OXFORDSHIRE biotech company Summit has bucked the economic downturn by signing a £70m deal with a US company which could offer hope to sufferers of a fatal genetic disorder.

The deal covers Summit's development at Milton Park, near Abingdon, of a treatment for Duchenne muscular dystrophy (DMD).

Most sufferers die in their twenties. Steroids are the only therapy, but simply delay progression of the disease.

The US company will invest £3.5m in Summit's shares now, and pay £25.5m if it meets certain milestones, followed by royalties.

Jean-Jacques Bienaimé, chief executive of BioMarin, said Summit's work may have the potential for treating the entire spectrum of DMD patients, not just those with a particular gene.

If all goes well, clinical trials will start next year.
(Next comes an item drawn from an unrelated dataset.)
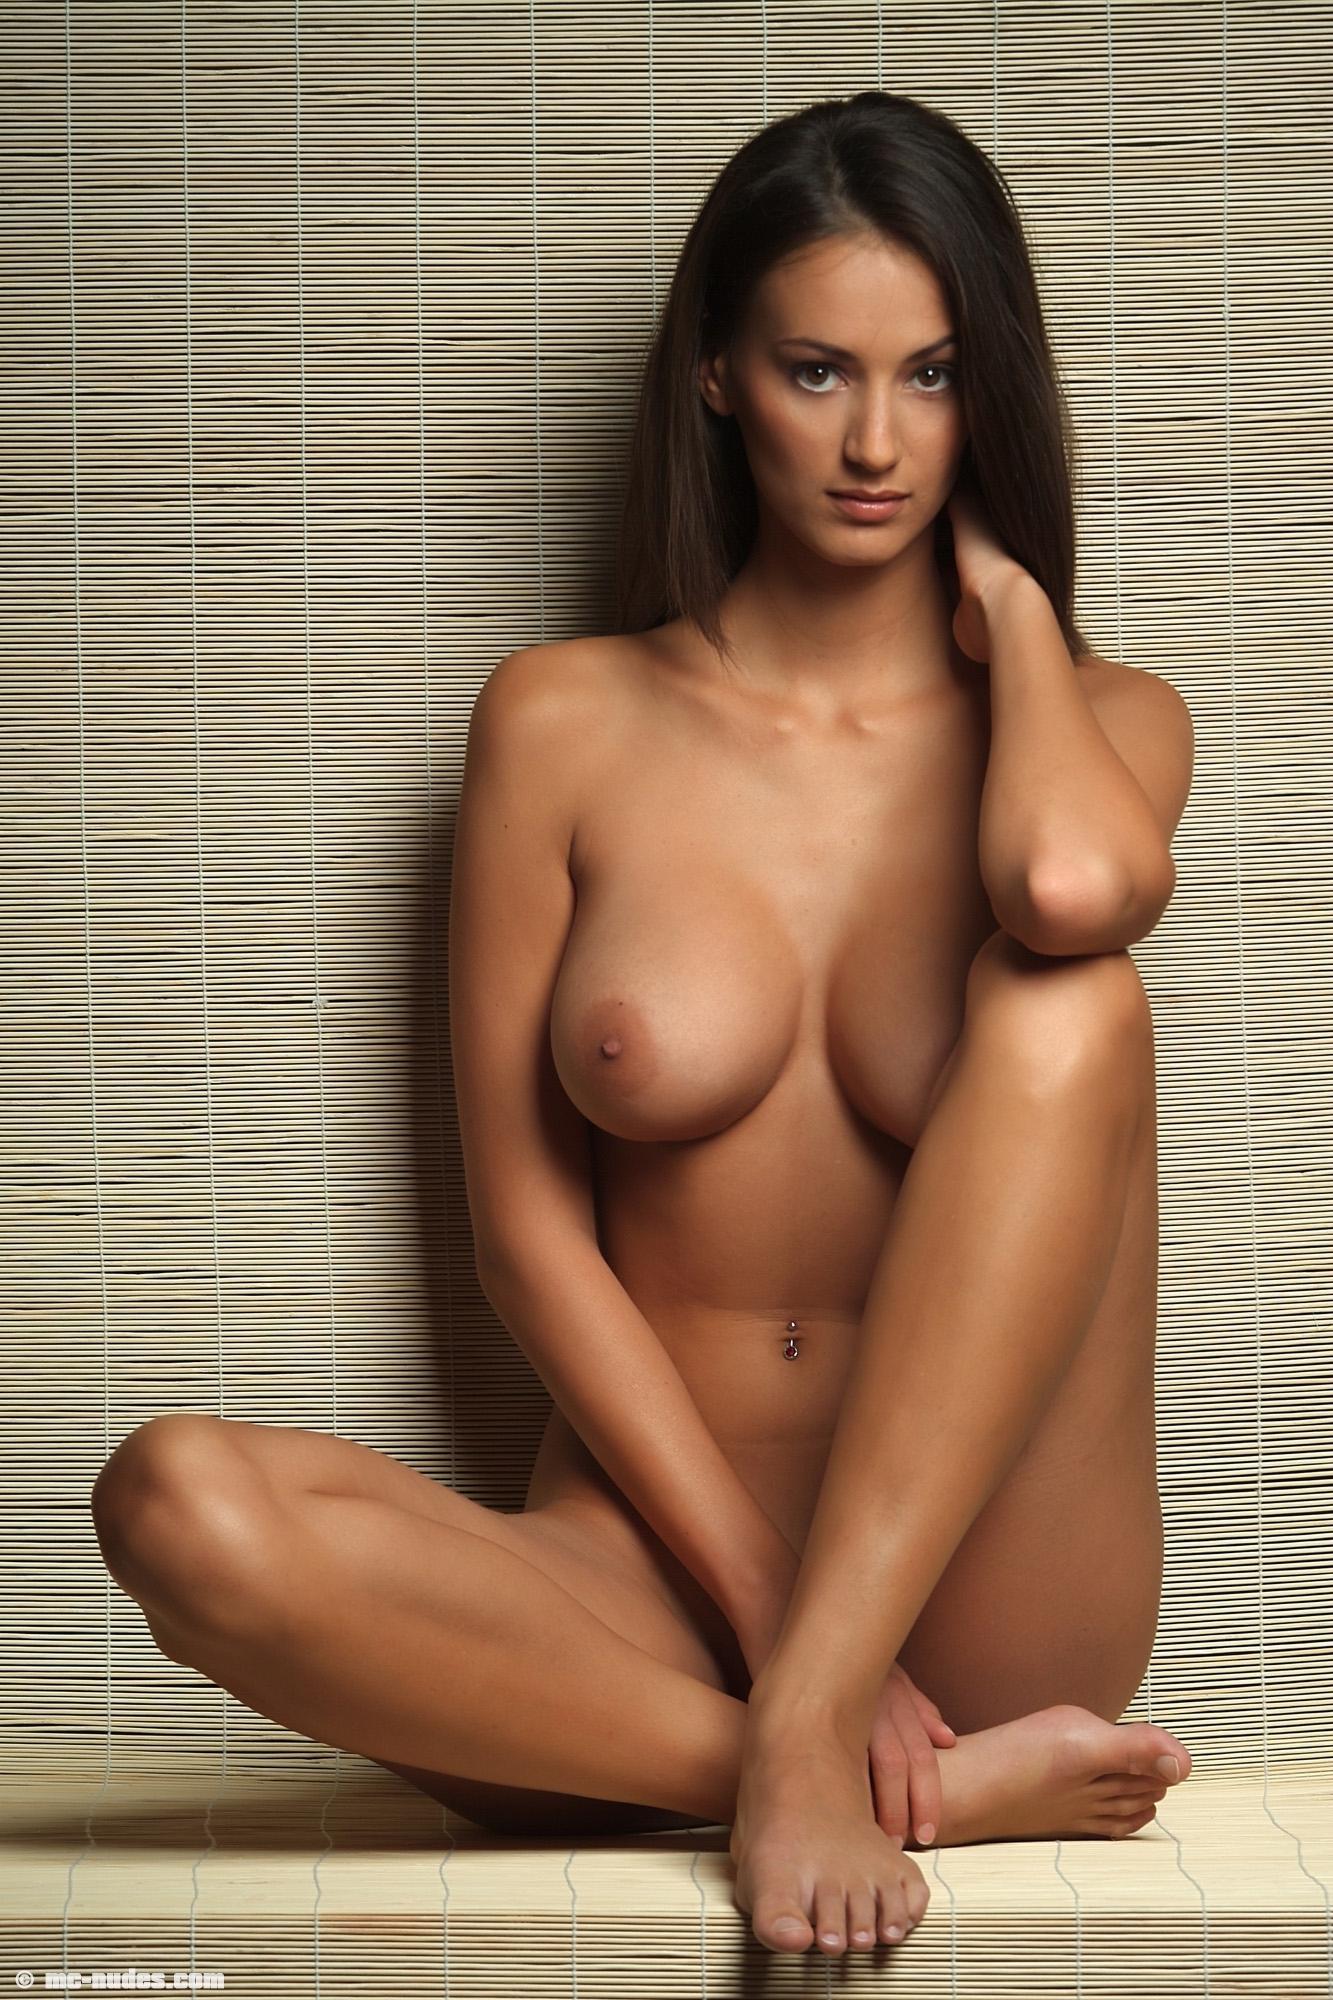 Jill valintine nude pics fucked vids

Any treatment for DMD is considered an 'orphan' drug and could be approved by regulators more quickly than usual.

Summit chief executive Steven Lee said: "We are very pleased that BioMarin has become our partner for the DMD program.
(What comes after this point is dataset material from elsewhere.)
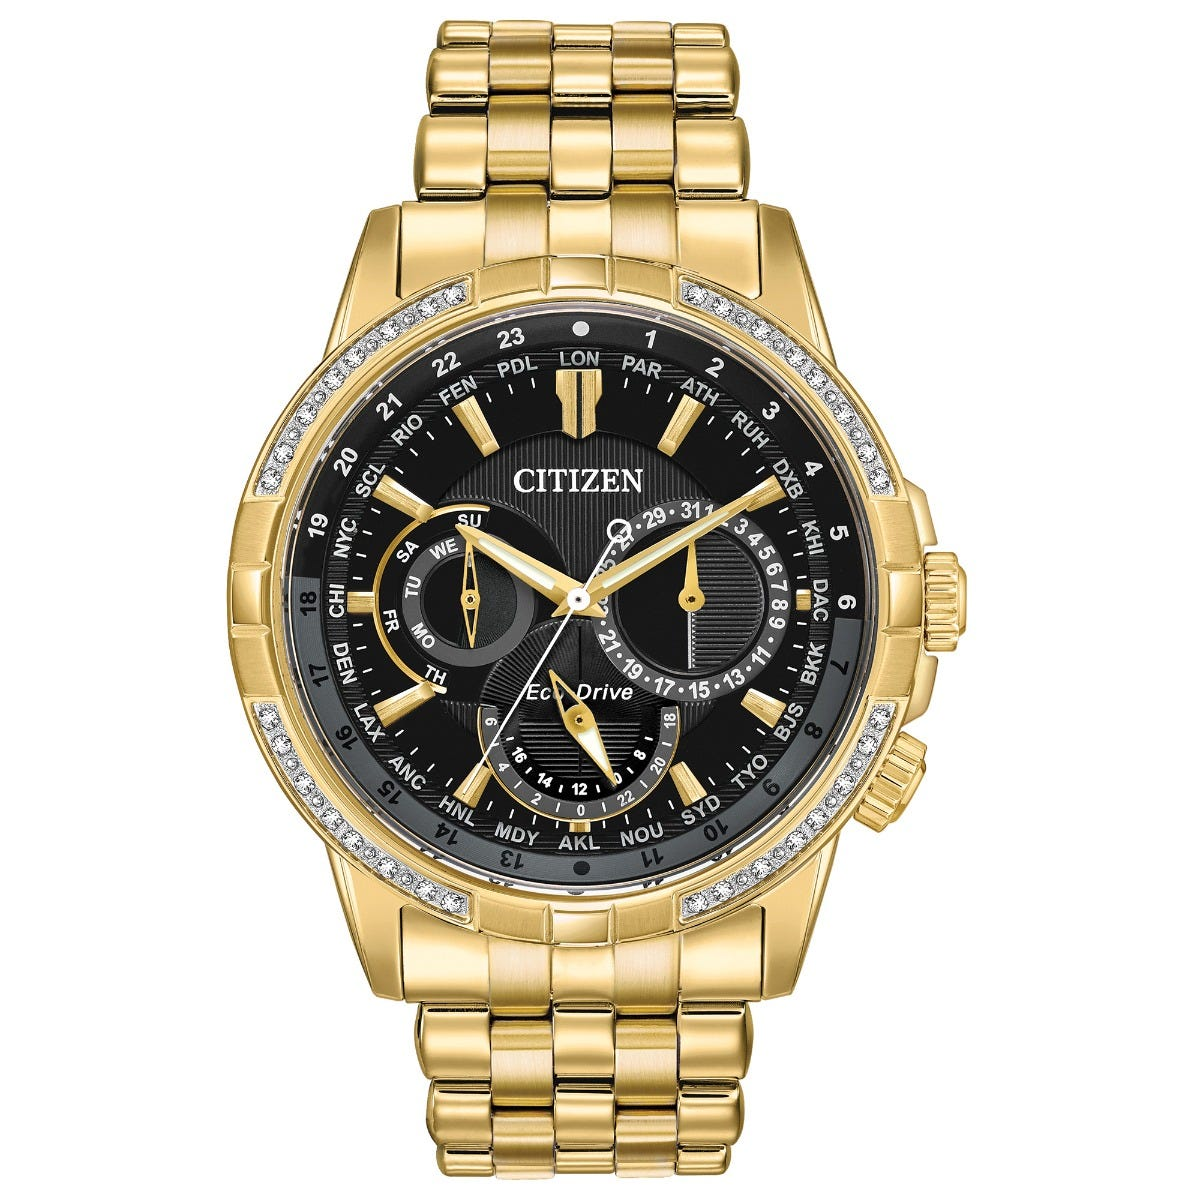 Citizen Eco-Drive® Calendrier Diamond Accent Gold-Tone Watch with Black Dial BU2082-56E

"BioMarin has an unparalleled track record in developing orphan drugs to market and has developed and launched successfully three such drugs in record time.

"The expertise and commitment of the BioMarin team gives me great confidence that they are an excellent partner for this program.

"I believe they will help to deliver a medicine in the shortest timeframe possible for the benefit of all DMD patients.

"For Summit, this deal is important as it is the first of many that we anticipate signing."

After the share deal, BioMarin will hold about 9.16 per cent of Summit.

Duchenne muscular dystrophy is a fatal neuromuscular disorder that affects 1 in 3,500 boys, with an estimated patient population of over 40,000 in the developed world.

DMD is caused by a genetic defect meaning DMD patients lack an important protein called dystrophin, which is crucial to maintaining muscle function.

The absence of dystrophin results in extensive muscle wasting in all voluntary muscles as well as the heart and breathing muscles and causes severe restriction in the mobility by the early teens and is ultimately fatal.

Summit has identified a drug which replaces dystrophin with a similar protein called utrophin.